The binaural processing opcodes mentioned uses two dat files (hrtf-441000-left.dat and hrtf-441000- right.dat respectively) which include the HRTF impulse response database for the signal processing, based on MIT's Kemar library [10]. For the current implementation, the 44.1kHz version of the database is used, although the system may be easily modified to use any of the Csound-included databases (48kHz and 96kHz). These files must be included in the same folder as the CSD files.
A trigger sent via OSC (on address /end) kills all the instances of instruments that are performing sound.
Abstraction of 3D space
A particular aspect of the current interface is the way in which each of the systems abstracts three-dimensional space. On the one hand, Unity's abstraction is a first person view on which the x-axis is the azimuth, the y-axis is the elevation, and the z-axis is the depth. Alternatively, Csound's HRTF opcode's space abstraction is a bird's eye view, which if translated into a first person view, the x-axis would be the azimuth, the y-axis would be the depth, and the z-axis the elevation. For this reason, when translating Unity's coordinates into OSC messages, the y and the z-axes are inverted.
III. Using the system
To use the system, the user must install both Unity and Csound on his/her computer. To add new samples, mono .wav files should be added into one of the the folders in /Binaural_Sound_Unity/Assets/sounds/. New samples should be named using integer numbers followed by the sound file format i.e. 1.wav, 2.wav, 3.wav, and 4.wav.
Csound
Choose one of the two .csd files, included in /Binaural_Sound_Unity/Assets/sounds/. SoundAlgorithm0.csd provides echoic HRTFs with access to room parameters, and SoundAlgorithm1.csd provides anechoic HRTFs. Csound should be ready to run.
Unity
Open the Unity scene named "Template.unity" (/Binaural_Sound_Unity/Assets/Scenes/). From the hierarchy tab (see Figure 4), select the 3D sound object. From the OSC3dSoundSender.cs script attributes (see Figure. 3) choose an algorithm depending on the Csound file used. If the algorithm is set to 0 you may modify the room parameters (the minimum room size is 2 x 2 x 2), otherwise changing them will have no effect in the resulting sound. From the hierarchy tab (see Figure 4), drag the object that you want to map to binaural 3D sound into one of the Sound Object fields found in the inspector tab of the 3D Sound object (only sounds that are mapped to a Unity Object will be sounding, and the sound will stop if there is no object mapped to a Sound Object). Write the name of the sound that it will be mapped to (names may only be integer numbers excluding the format. i.e. 1, 2, 3, etc.). After doing so, the visual position of an object in Unity will correspond to the auditory position of such object. Set the main level of each of the Sound Objects and select if you want such sound to loop continuously.

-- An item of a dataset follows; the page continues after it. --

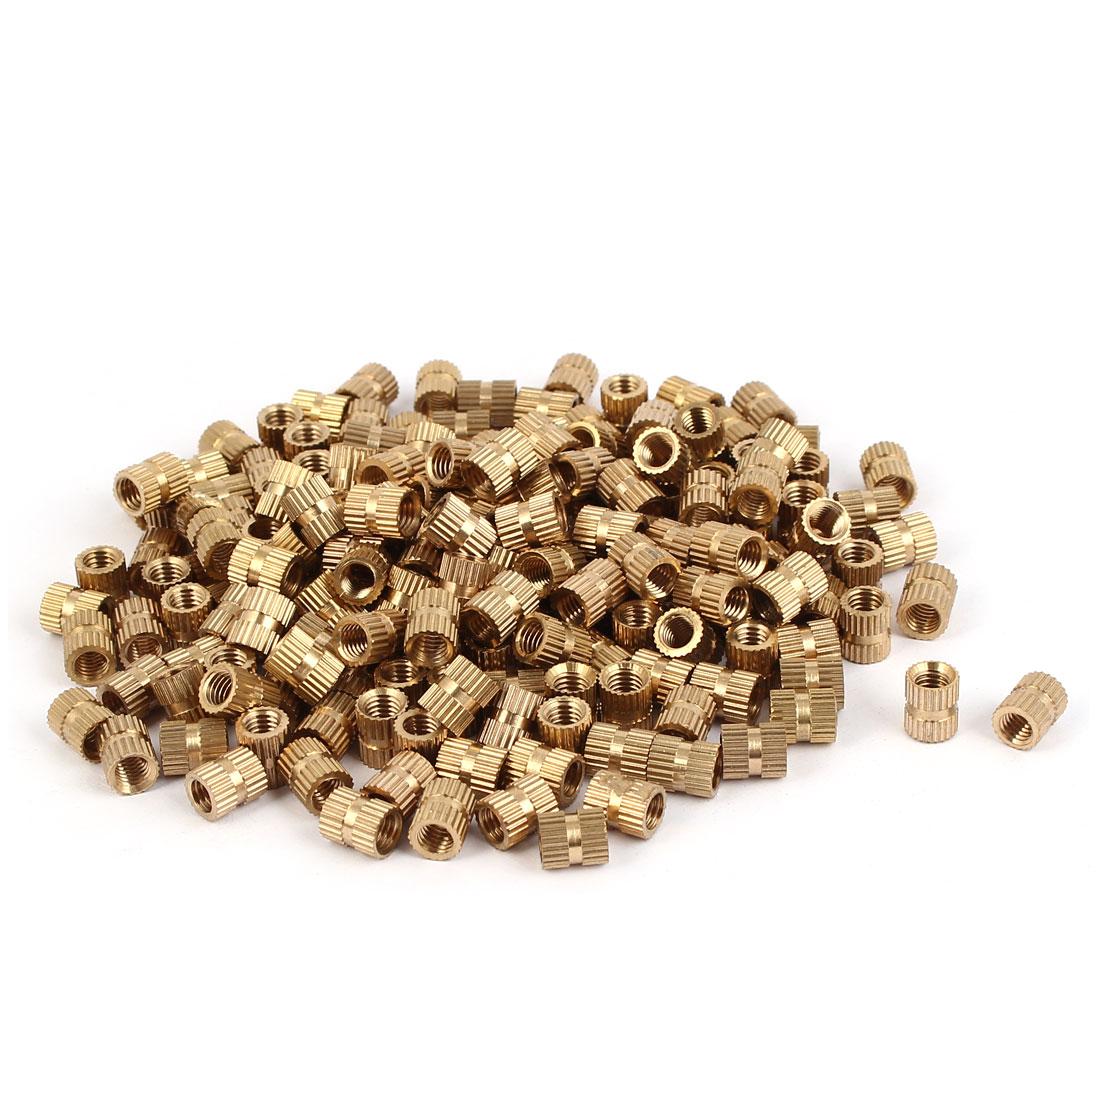 M5 x 8mm x 6.8mm Brass Cylinder Knurled Threaded Insert Embedment Nuts 200PCS

Figure 4. Unity's Hierarchy Tab, where all the Unity Objects are present.
Currently the Listener's position is paired with the camera. This is good when doing a first person
game. Such settings may be changed by dragging and dropping the new listener's position into the Listener field in the inspector of the 3D sound object.
Note that when using Sound Algorithm 1, every spacial unit in Unity corresponds to 1 meter in Csound. If Unity objects are outside the size of the current room, the position of such objects will have no acoustic effect.

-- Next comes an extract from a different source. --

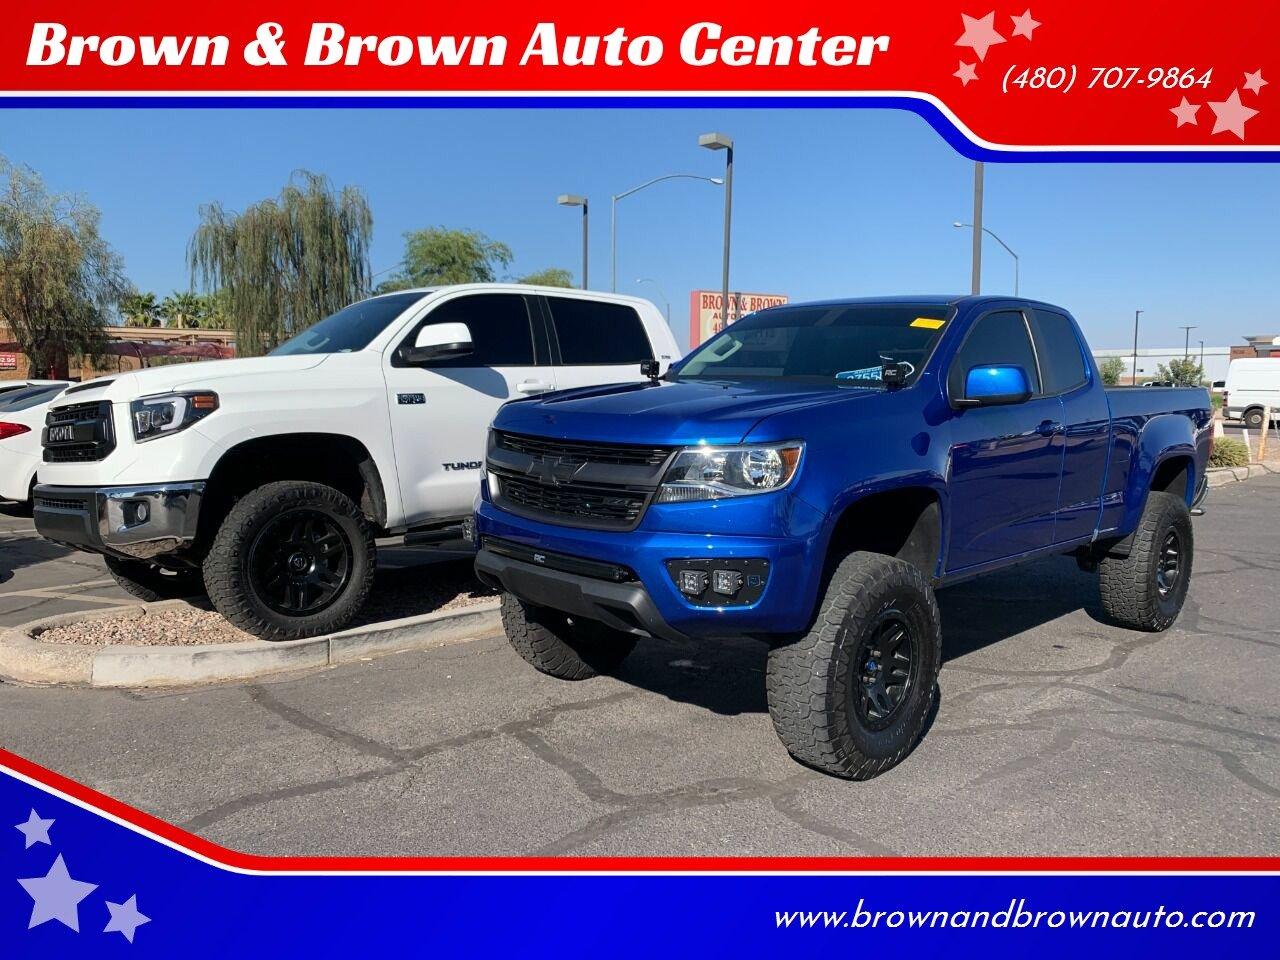 Brown & Brown Auto Center

The Sound On Off field was added for allowing the user to turn off the sound while experimenting.
IV. Conclusion
This system has enormous research capabilities regarding auditory-motor contingencies, as well as multimodality (between other possible areas of study) that may be explored by non-expert Csound users. A previous version of the system was used for research within the European Union's project Rehabilitation Gaming System [11]. It may be seen as a companion to Dr. Brian Carty's Multibin [12], which may be used in conjunction with more complex graphics and game interactions. Future implementations could be enhanced by including a more dynamic system for switching sound files on the fly, being able to use other file formats, having a more free use of strings for sound names, and being able stop sounds without having to destroy the Unity Object (although this may be achieved by turning the sound level down to 0, but it does not stop the instrument instance).
Acknowledgements
I want to mention my admiration and gratification for Dr. Brian Carty, who has always been supportive of and attentive to my work. He has also provided the tools without which this work would not be possible. Additionally, I want to thank Dr. Richard Boulanger, for his contagious drive for doing things. And last, I want to give thanks to my supervisor Dr. Armin Duff, and the people of the Synthetic, Perceptive, Emotive and Cognitive Systems Group at the Universitat Pompeu Fabra, who were very supportive during the development of my related Master's thesis during 2012.
References
[1] B. Carty, "HRTFmove, HRTFstat, HRTFmove2: Using the new HRTF Opcodes," The Csound Journal, Issue 9, July 28, 2008. [Online]. Available: http://www.csounds.com/journal/issue9/newHRTFOpcodes.html. [Accessed Aug. 16, 2013].
[2] B. Carty, "Hrtfearly and HrtfreverbNew Opcodes for Binaural Spatialisation." Csound Journal, Issue 16, January 24, 2012. [Online]. Available: http://www.csounds.com/journal/issue16/CartyReverbOpcodes.html [Accessed Aug. 17, 2013].
[3] W. M. Hartmann, "How We Localize Sound." Physics Today, American Institute of Physics, November 1999, pp. 24-29.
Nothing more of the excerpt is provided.